Deux semaines après les fêtes, la politique provinciale reprend sans fioritures.
En province Nord, la rentrée des élus s’est faite vite, sans état d’âme et avec des arbitrages lourds de sens.
Une rentrée politique expéditive mais assumée
Le vendredi 16 janvier 2026, les 22 conseillers de la province Nord faisaient leur rentrée politique.
Une séance courte, dense, presque administrative, loin des grandes envolées budgétaires.
Premier acte fort : le décalage du vote du budget primitif au 27 février. Un choix assumé par l’exécutif provincial, qui revendique une méthode prudente, loin des improvisations.
« Ça fait plusieurs années qu’on pratique ainsi », rappelle la première vice-présidente, Nadeige Faivre-Wackenthaler.
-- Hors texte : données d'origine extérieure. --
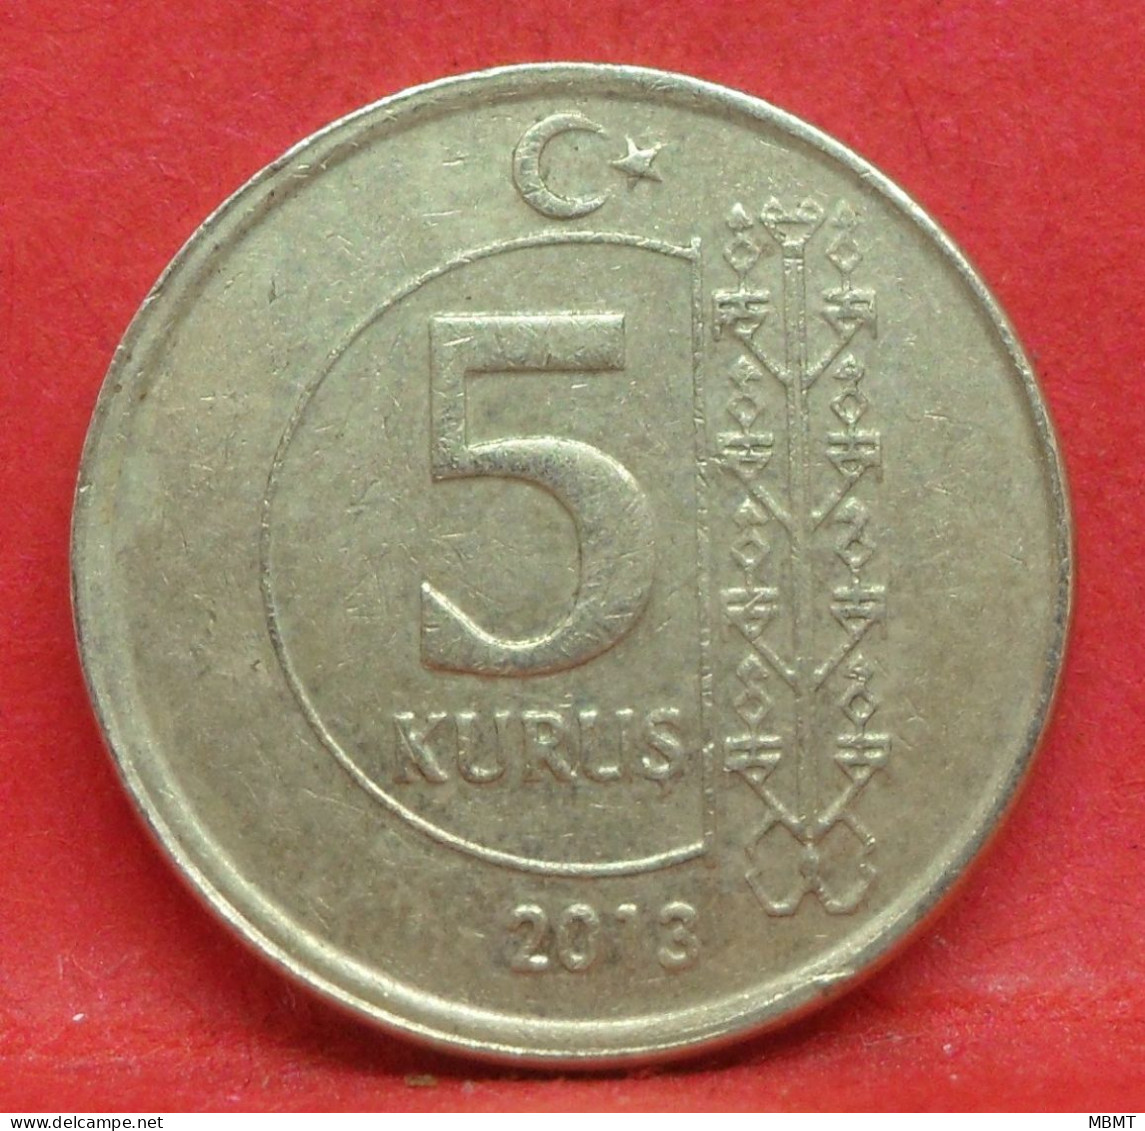 5 Kurus 2013 - TB - Pièce De Monnaie Turquie - Article N°4963 - Turquie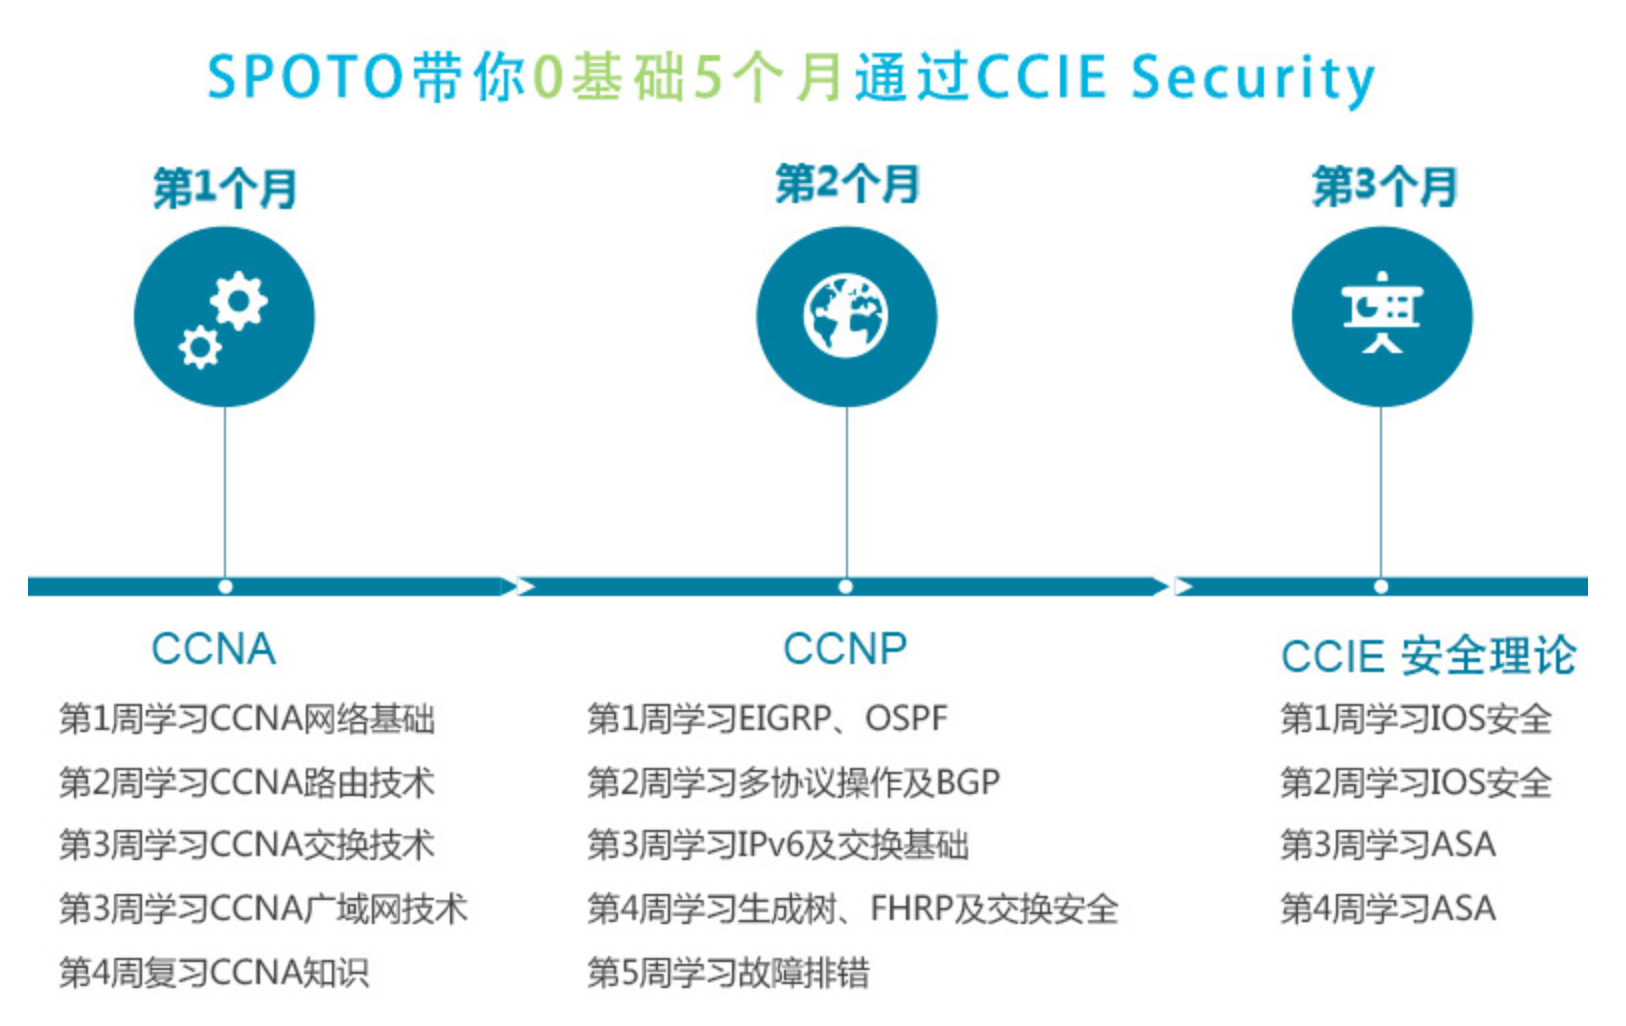 CCIE Security 思科安全专家认证 笔试理论

La raison est claire : attendre des données fiables sur l’assiette fiscale réelle.
La province Nord refuse de bâtir un budget à l’aveugle. Elle attend des informations consolidées de la Nouvelle-Calédonie, notamment sur les recettes attendues.
Dans un contexte économique dégradé, cette prudence budgétaire tranche avec les discours anxiogènes.
Ici, pas de promesses irréalistes, mais une ligne claire : gouverner avec des chiffres, pas avec des slogans.
Continuité du service public et soutien aux médias
Le report du budget n’entraîne aucune rupture du service public. L’assemblée a voté, en parallèle, des mesures d’urgence ciblées.
Premier dossier : le soutien à l’information locale. La province accorde 29,17 millions de francs CFP à la Société de télévision radio (STR).
Cette subvention vise à garantir la continuité de Caledonia, chaîne d’information essentielle dans le Nord. Un choix politique assumé : l’information locale n’est pas une variable d’ajustement.
Dans une période de tensions sociales et économiques, maintenir un média d’information opérationnel relève de l’intérêt général. La majorité provinciale assume un soutien direct, sans posture moralisatrice.
Ce vote démontre une chose : même sans budget primitif adopté, l’exécutif agit. La continuité institutionnelle prime sur les querelles de calendrier.
Enseignement privé, avances financières et dossier minier explosif
Autre dossier sensible : l’enseignement privé, fragilisé par de lourdes difficultés financières. La province redoute des fermetures d’internats et de cantines, notamment au sein du réseau catholique.
La communication est jugée insuffisante. À un mois de la rentrée, aucune confirmation officielle n’a été transmise, malgré des annonces informelles.
« La communication manque énormément », déplore Nadeige Faivre-Wackenthaler. Une inquiétude partagée par de nombreuses familles du Nord.
Pour éviter toute rupture, la province vote une avance globale de 11,45 millions de francs CFP. Objectif : garantir la poursuite des missions éducatives.
La répartition est précise :
– 4,35 millions pour la Direction diocésaine de l’enseignement catholique
– 3 millions pour la FELP, Fédération de l’enseignement libre protestant
– 2,14 millions pour la Communauté des alliances scolaires et éducatives du Bwakadra, à Kaala-Gomen
– 1,9 million pour le collège Boaouva-Kaleba, à Poum
Enfin, dernier dossier lourd : la Société minière du Pacifique Sud (SMSP). La province doit régulariser une caution, impliquant une provision de 1,26 milliard de francs CFP.
Depuis 2021, la collectivité active ses garanties d’emprunt pour soutenir l’entreprise. La crise du nickel frappe de plein fouet la SMSP et sa filiale NMC.
Pas de discours idéologique ici : des faits, des chiffres et une gestion contrainte. La province Nord assume ses engagements, tout en mesurant les risques financiers.
La prochaine séance publique est fixée au 28 janvier. Une chose est sûre : derrière une rentrée discrète, les enjeux restent explosifs.